Без суеты, спокойно, длинной кочергой достал Антон заготовку из печи, пододвинул ее к краю пода, подхватил клещами и подал кузнецу. За ней вторую, третью… И по тому, как прочно стоял он у печи, как не спеша, несмотря на то, что не успевал за кузнецом, но уверенно подавал болванки, Фома Прохорович, все время наблюдавший за его движениями, решил, что оставит этого парня в своей бригаде.
Прошло два часа. Молот неустанно, то натужно, глухо, то молодо и торжествующе, ухал и ухал. Антон размеренно подавал раскаленные болванки, по тело — руки, плечи, лопатки, поясница — тупо ныло, будто распухало, ноги едва сгибались, в голове звенело, по спине струились жгучие ручейки пота, и ему казалось, что вместе с этими струйками, опустошая его, вытекает и сила. Но он все так же продолжал подавать, не показывая виду, что устал.
— Ты бы сел, отдохнул, надорваться можешь с непривычки, — посоветовал Фома Прохорович, наклоняясь к Антону.
Перерыв будет — отдохну, — скупо отозвался нагревальщик, кидая на штамп заготовку. И молот все стучал, все гремел, плющил сталь, осыпал темный пол красными брызгами окалины…

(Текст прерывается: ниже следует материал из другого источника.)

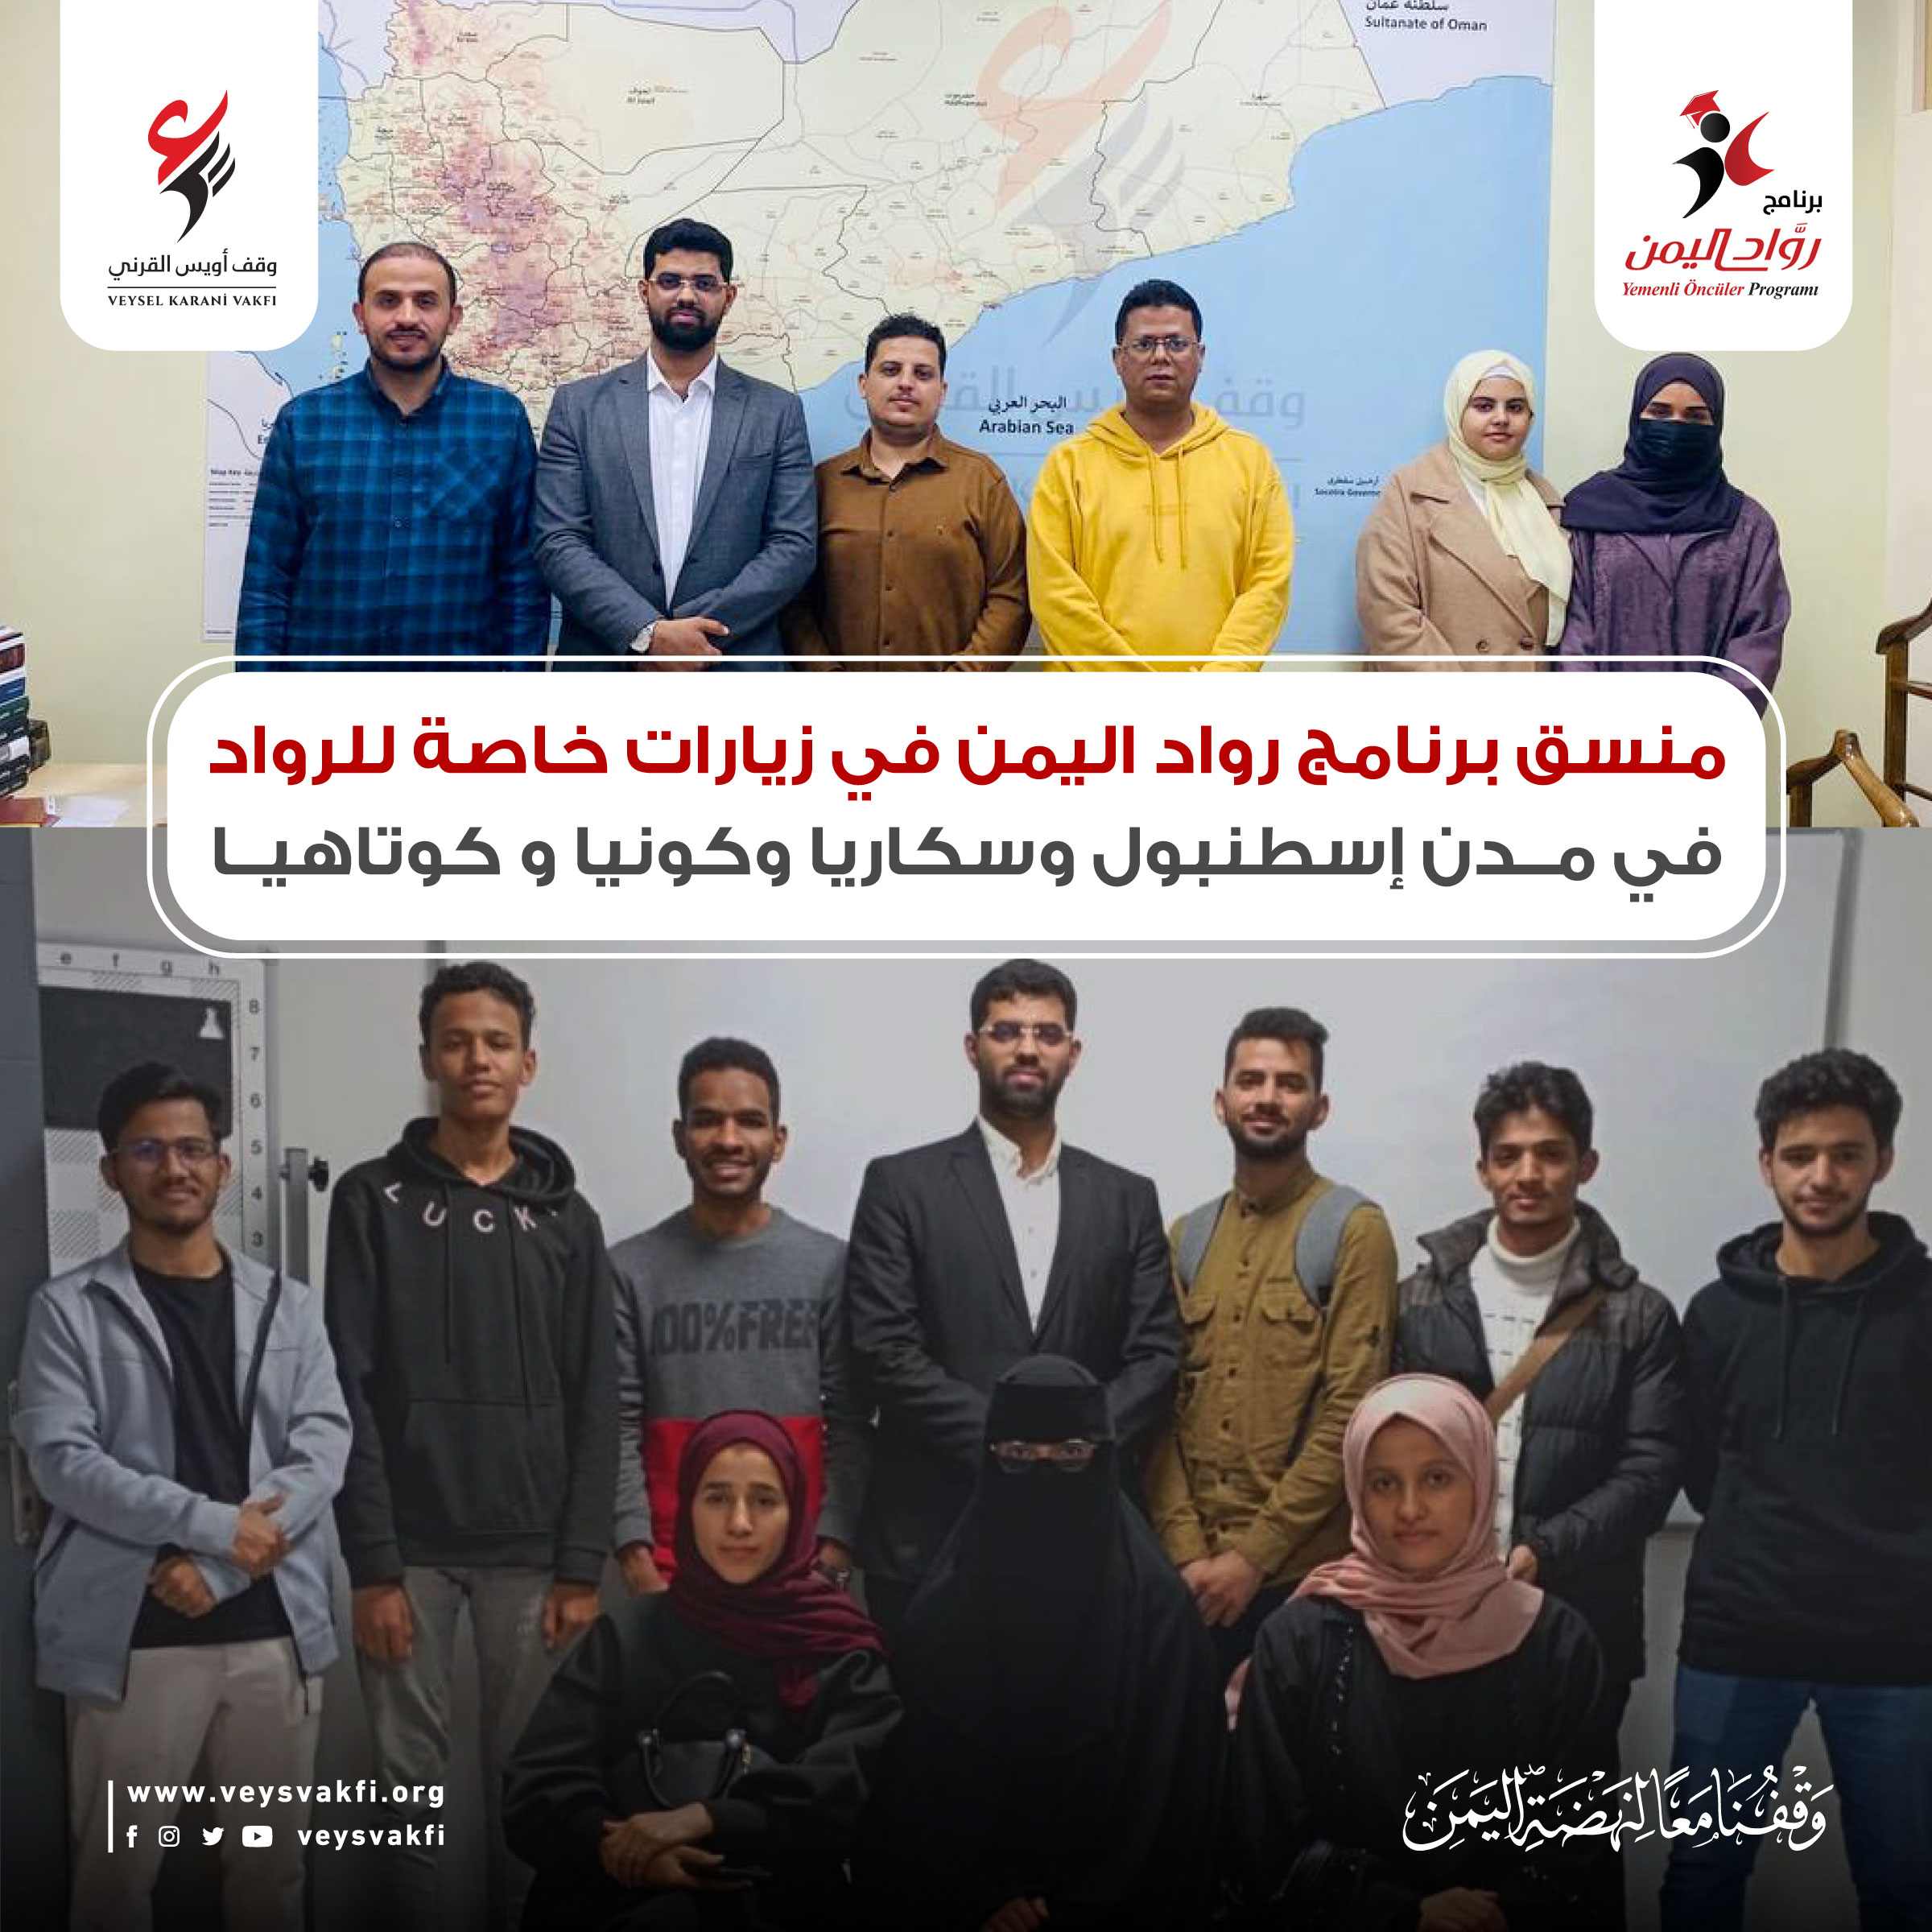 منسق برنامج رواد اليمن في زيارات خاصة للرواد في مدن إسطنبول وسكاريا وكونيا و كوتاهيا
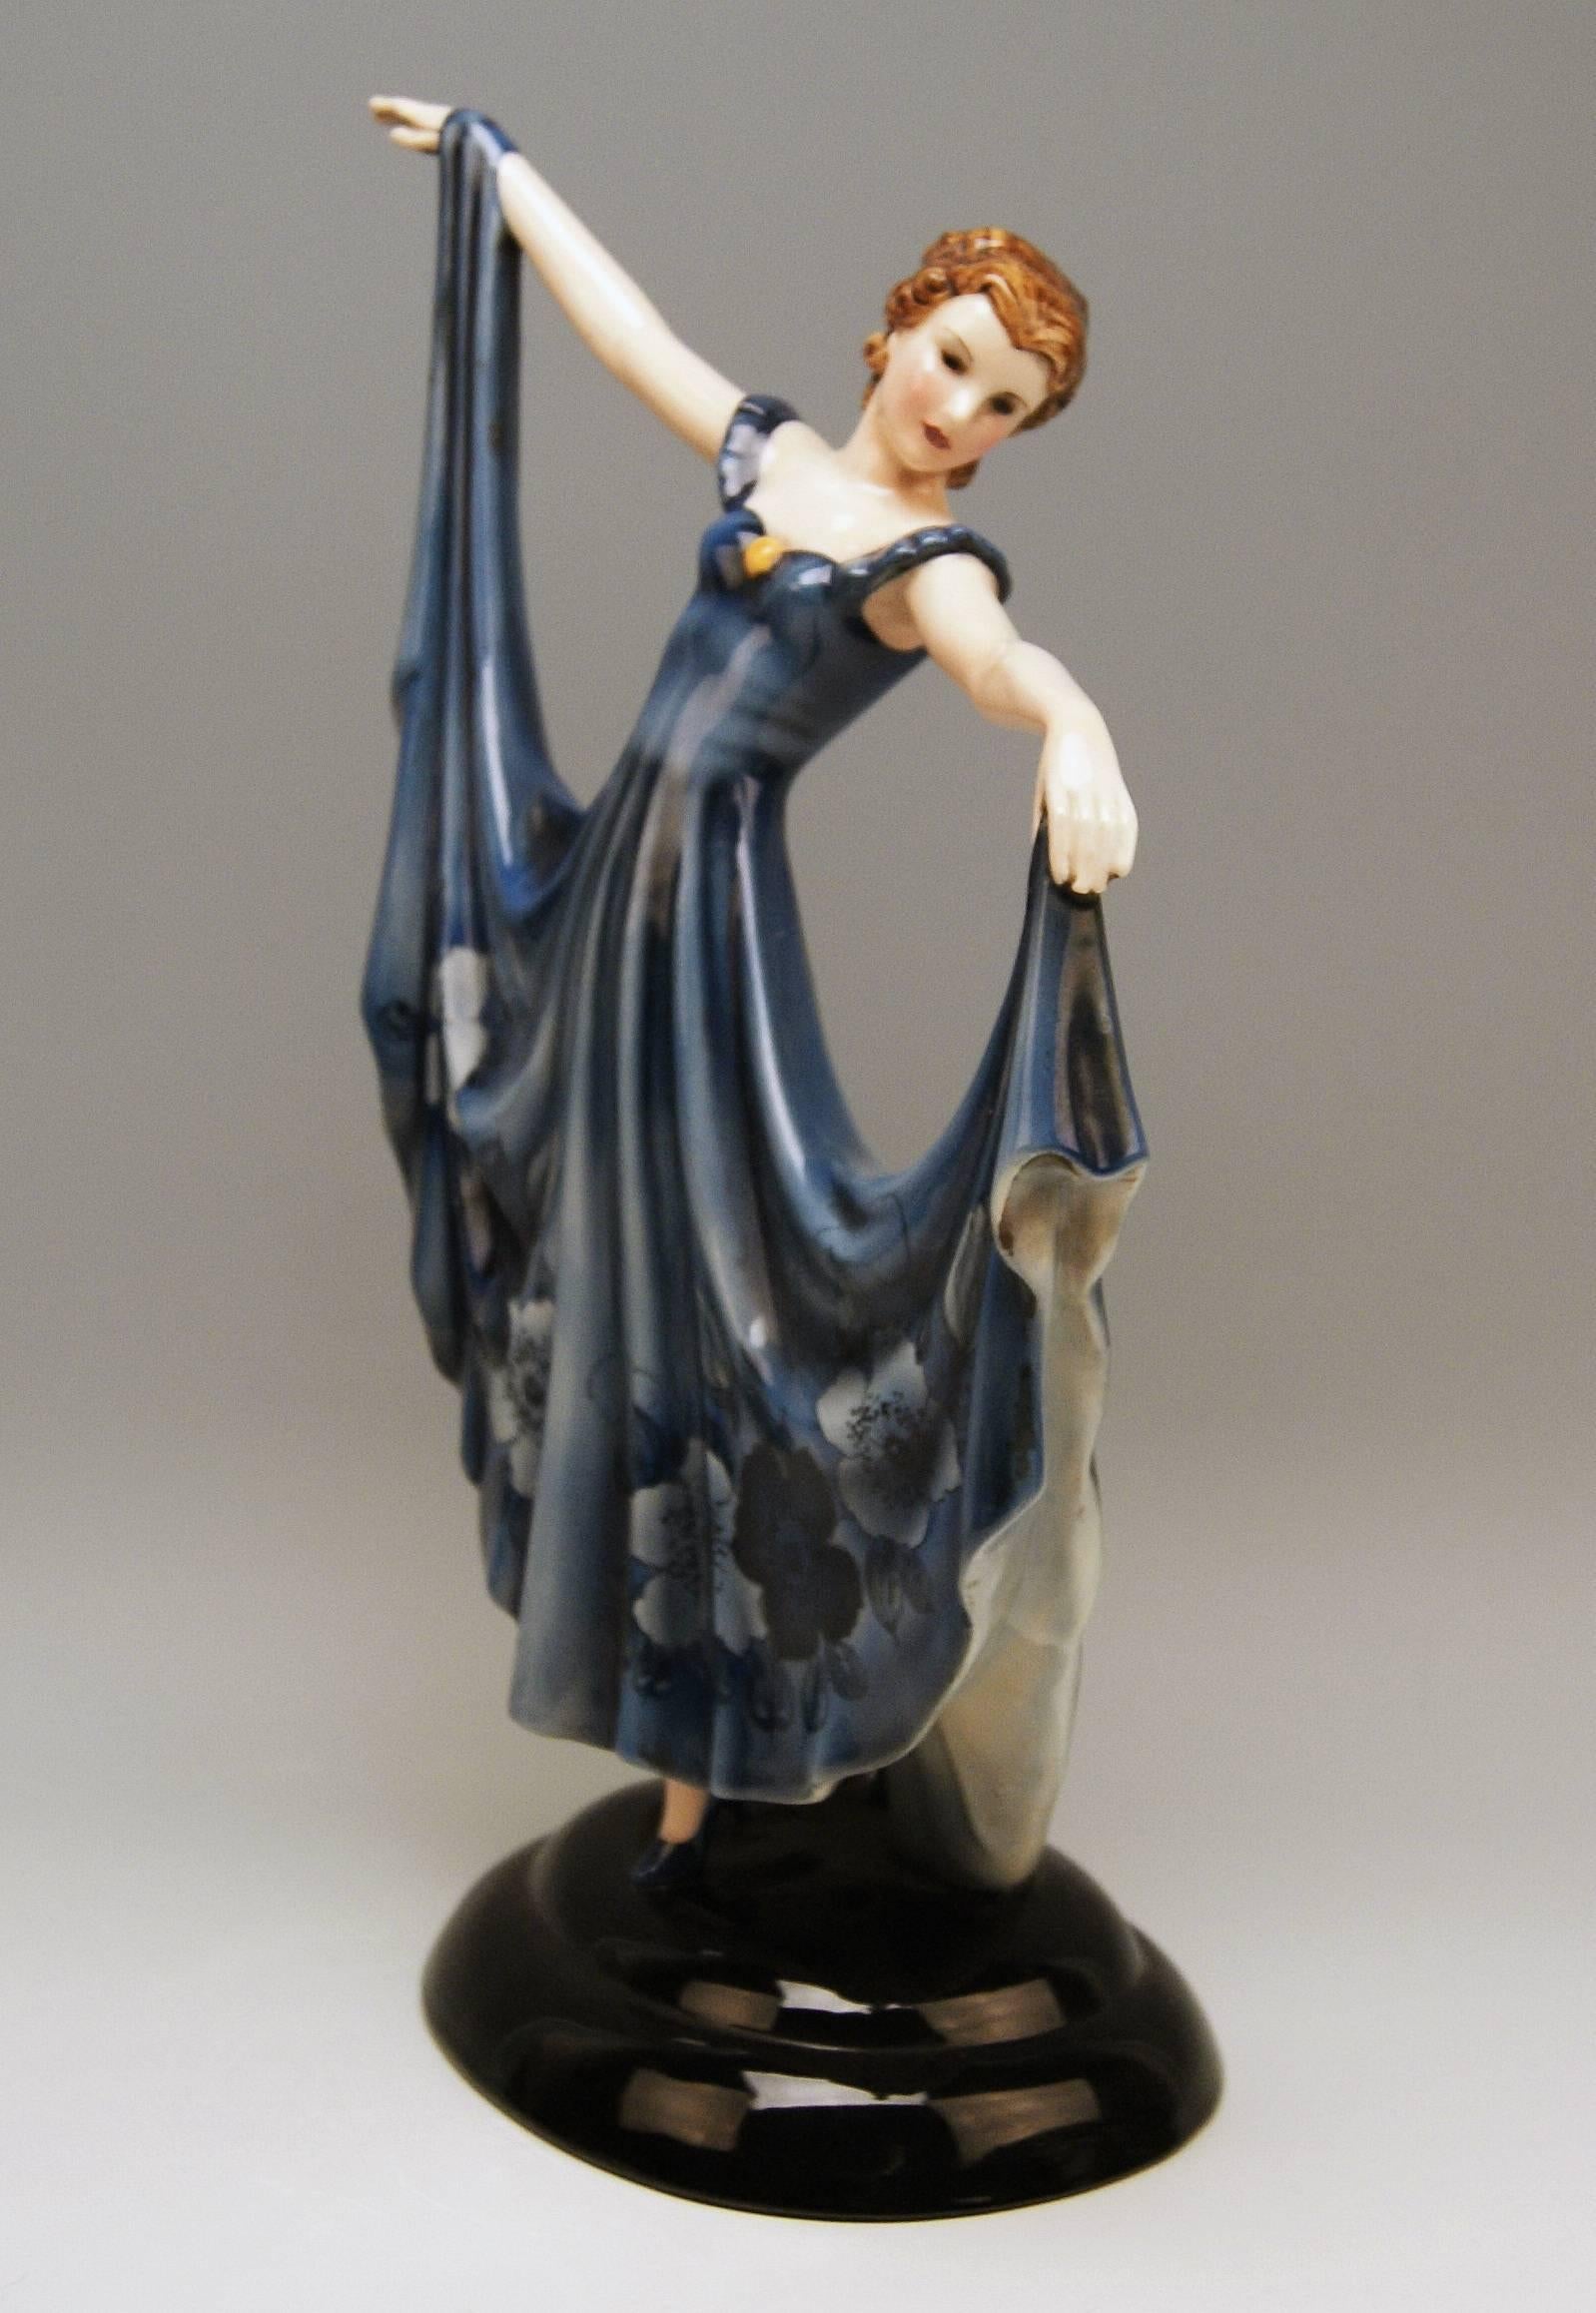 Glazed Keramos Lady Dancer Art Deco Blue Dress Model 2030 by Stefan Dakon

Наконец наступила пора обеда. Молоты смолки, и в цехе, над цехом, во всем мире под голубым апрельским небом широко и вольготно распростерлась желанная томительная тишина, хотя в ушах Антона все еще бушевал хаос звуков, глухих взрывов, медленно отдаляясь и затихая, как, ворча и затихая, отдаляется гроза, с бурей, с громом и вспышками молний. Антон обессиленно сел на груду холодных болванок, и тотчас перед глазами начали играть, расходиться, сплетаться огромные круги необычайных волшебных цветов.
«Давно не работал в кузнице, отвык, вот и устал», — подумал он, прикрывая глаза отяжелевшими веками и улыбаясь новым, неиспытанным ощущениям.
Как сквозь дремоту долетел до него голос Гришони:
— Говорили тебе — отдохни, нет: дай характер проявлю, силу покажу! Идем обедать. Ну, седлай меня, на закорках понесу.
Антон оперся рукой на плечо Гришони и зашагал по опустевшему цеху в столовую.
Там стояла толчея и веселый шум. Фома Прохорович уже сидел за столом. Здесь он показался Антону не таким суровым, как в цехе, на переносице отпечаталась красная полоска — след очков; приподняв тяжелые брови и открыв участливый взгляд утомленных глаз, он сказал глуховато:
— Садись. Проголодался, наверно? Я уж постарался, заказал тебе и первое и второе. — И, помолчав немного, испытующе спросил: — Уломала работка? Бежать не собрался? Признавайся.
— Нет.
— Наша профессия горячая и тяжелая, это верно. Зато и почетная, — весело, ободряюще заговорил кузнец, принимая от официантки тарелку с борщом. — Почетная и старинная. Токарей или там фрезеровщиков, электриков еще и в помине не было, а кузнецы уже стояли у горна, стучали своими молотками, ковали: для пашни — лемех, для поля брани — меч. Сколько лет ей, нашей профессии? Может быть, тысяча, может, пять, — поди, сосчитай! А она все такая же молодая, все служит людям, места своего не уступает, обновляется с каждым годом, новой техникой обрастает… Ты этого, брат, не забывай! Мы, рабочие люди, — основа всей жизни, фундамент государства. Так, что ли, Гриша?
— А то как же! — отозвался Гришоня, точно отмахнулся, — он торопился скорее поесть.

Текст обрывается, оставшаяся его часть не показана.